That's a SAC rate of about .75, which is not out of line, let's say that you're planning a dive to 190 for 5 minutes. The plan is 3 minutes down, two on the bottom and then 6 minutes up to a 10 foot safety stop. If all goes right you've used 7.6 cubic feet going down, 10.2 on the bottom and 15.2 coming up. That's less than half a tank, even if you plan on another three cubic feet for a deep stop and three more for a safety stop. Your "exit" amount of gas is 15.2+3+3, round up to 22, so Bingo Air is twice that or 44 cubic feet, and you've still got 18 cubic feet in secondary reserve. So here's what the plan looks like: leave surface, arrive bottom (3 minutes, 2700 PSI), leave bottom (5 minutes, 2250 PSI), etc. If you overshoot and overstay, your bottom air consumption rises to 38 cubic feet and your deco obligation chews up another 5.2 cubic feet. To make that "problem" diving work you'd need 7.6 down, 38 on the bottom and then twice your ascent gas (22.8*2=45.6), for a total of about 92. Sounds like this dive, with contigencies, needs a bigger gas supply.
We haven't even touched on gas density of air/nitrox or narcosis from not only nitrogen but also CO2 which btw, has a higher narcotic potential.
What's to "touch on" there that's unusual? First there's no EAN, too deep. Then, at 0.75 I'm sure not building up much CO2 and if I'm working hard this dive doesn't work because I'd be thumbing it on air consumption long before my 2 minutes of bottom time are up.
So no, you do not shrivel up and die at 131ft. But that really isn't the point.
That is precisely the point, with crapola guidelines that appear absurd, even at first analysis, it is quite impossible to defend them or to provide intelligent guidelines.

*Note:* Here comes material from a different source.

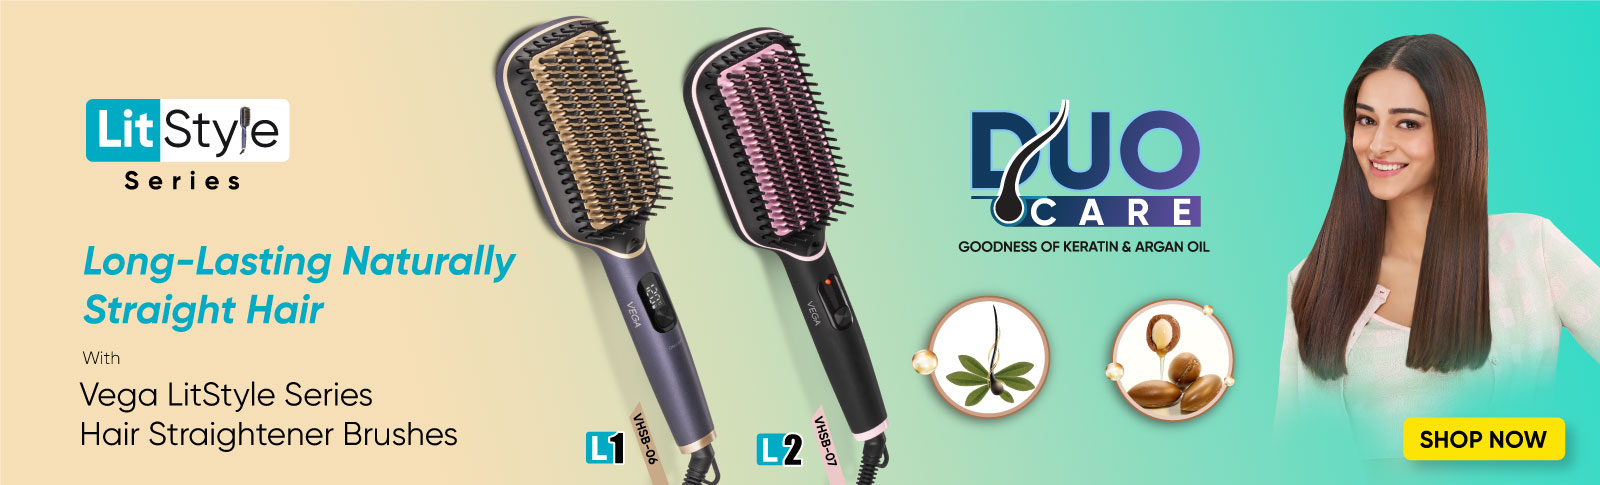 Lit style L2 Hair Straightener Brush

PS: Please excuse any math errors, I ran these numbers in my head solely as an example and would not dive them without recalculating carefully.
 
the following are excerpts from the Standards section of my IANTD Sport Diving Instructor Manual

The issue (discussions on SB) has to be conducted in the context of major training agencies. In respect of recreational training, IANTD is hardly a 'major' agency.

It is, however, a long-standing technical focused agency. No prizes for seeing the link between 'expanded' recreational diving and the convenient progression into their tech program.

Which of their 'recreational' or 'sport' courses actually qualify for 50% O2 and ~10 mins deco? The Advanced Nitrox course?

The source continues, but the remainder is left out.